Spanish military man and Liberal-Moderate politician

Manuel Gutiérrez de la Concha e Irigoyen, Marquis of the Duero (3 April 1808 – 27 June 1874) was a Spanish military man and Liberal-Moderate politician, noted for opposing the Carlist rebellions. He was born in Córdoba del Tucumán, Viceroyalty of the Río de la Plata (now Córdoba, Argentina), on 3 April 1808, and died at Monte Muro, Navarre, on 27 June 1874.

== Biography ==
Manuel de la Concha was born in Córdoba in present-day Argentina. His mother was Petra Irigoyen and his father was Juan Gutiérrez de la Concha y Mazón, brigadier de marina (naval officer), and later gobernador intendente (governor) of the province of Tucumán. His father was killed during the fighting that followed the May Revolution in 1810. In 1814 the family moved to Spain, where Manuel de la Concha began his schooling. He entered the Royal Guard as a cadet in 1820, was promoted to alférez (second lieutenant) in 1825 and to lieutenant in 1832.

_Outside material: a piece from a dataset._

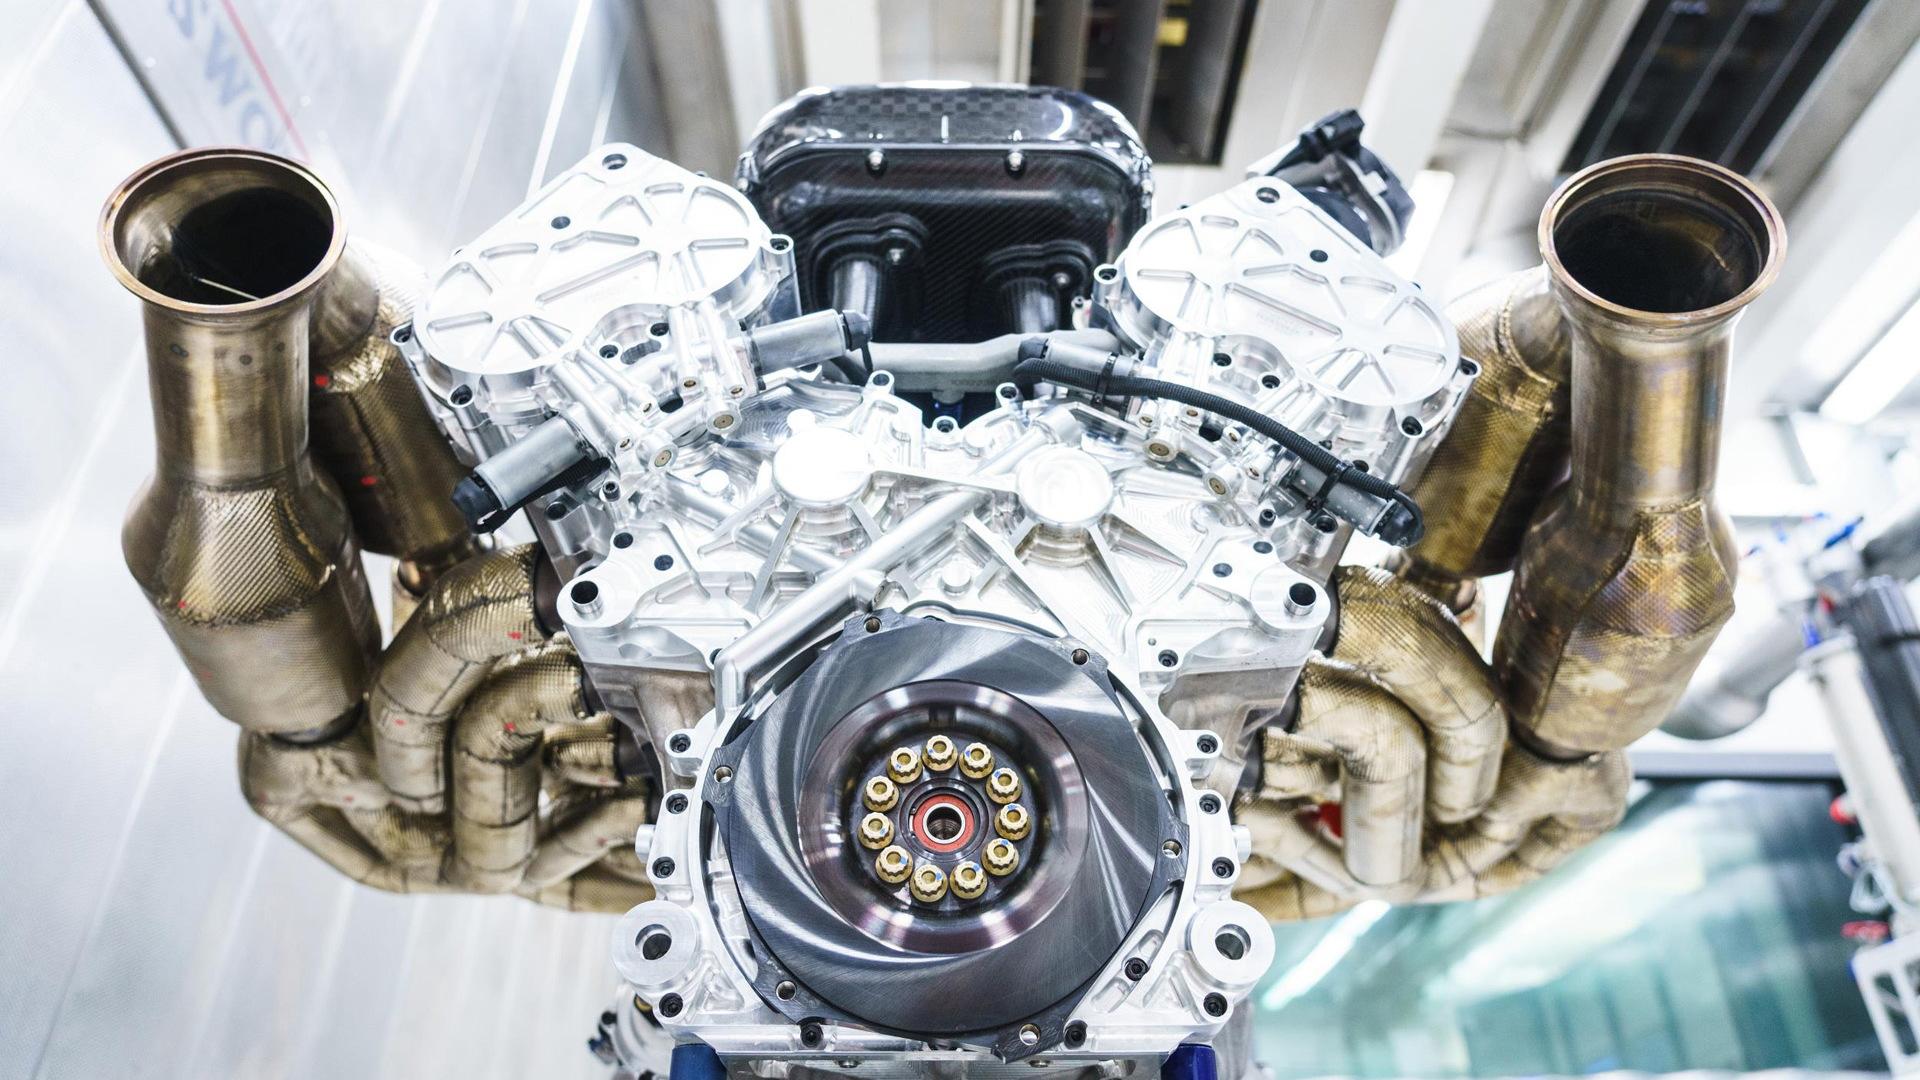 Aston Martin Valkyrie's 6.5-liter V-12
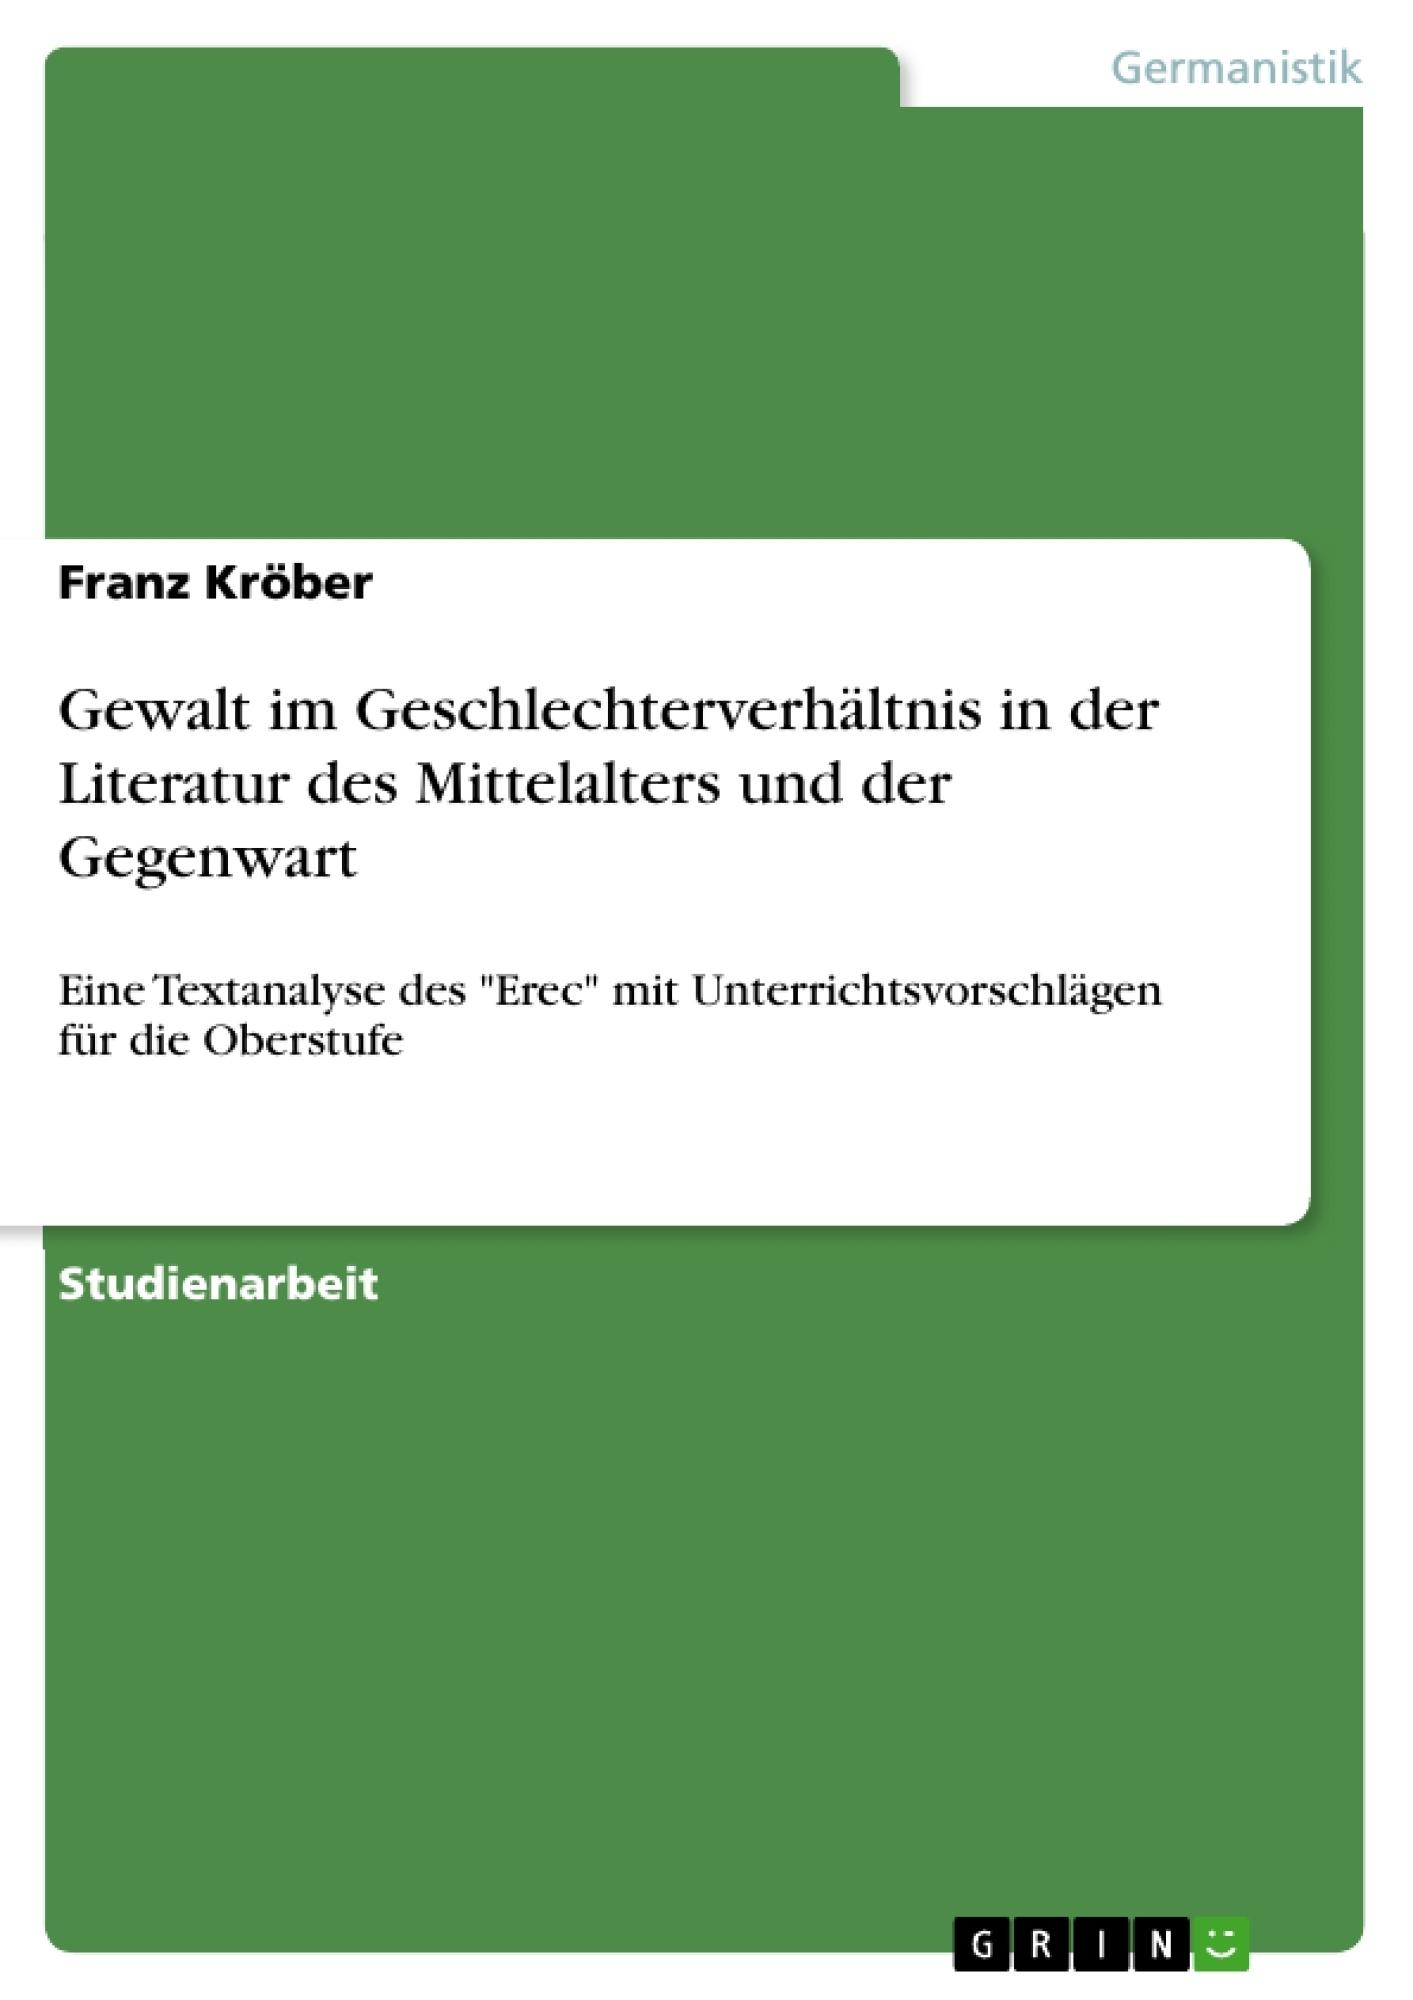 Titel: Gewalt im Geschlechterverhältnis in der Literatur des Mittelalters und der Gegenwart

He became a supporter of the Liberals, for which he spent some months in prison before the death of Fernando VII. He was released during the First Carlist War, and joined the supporters of Isabella II. He was posted to the Army of the North and distinguished himself in the actions at Durango, Alsasua and Zúñiga, being awarded the Cross of San Fernando. In April 1836 he was given his first military command in recognition of his bravery in battle. He received further promotions and reached the rank of lieutenant-colonel after the conquest of Urrieta. The battle of Belascoáin earned him a second Cross of San Fernando and promotion to colonel. He became mariscal de campo (a rank between brigadier and lieutenant-general) in 1840. He then took part in the campaign of Arróniz, and won a third Cross of San Fernando. He supported the Moderate (moderado) party. In 1841 he was appointed comandante general (commanding general) of the provinces of Guadalajara and Cuenca.

In October 1841, along with Diego de León and other military men and moderado politicians, he took part in the failed attempt to end the regency of Espartero, and due to this he was compelled to go into exile in Florence. In the summer of 1843 he took an active part in the fall of Espartero, brought about by Narváez, and this earned him promotion to lieutenant-general. The moderados who gained power appointed him inspector-general of the infantry, and later captain-general of Old Castile.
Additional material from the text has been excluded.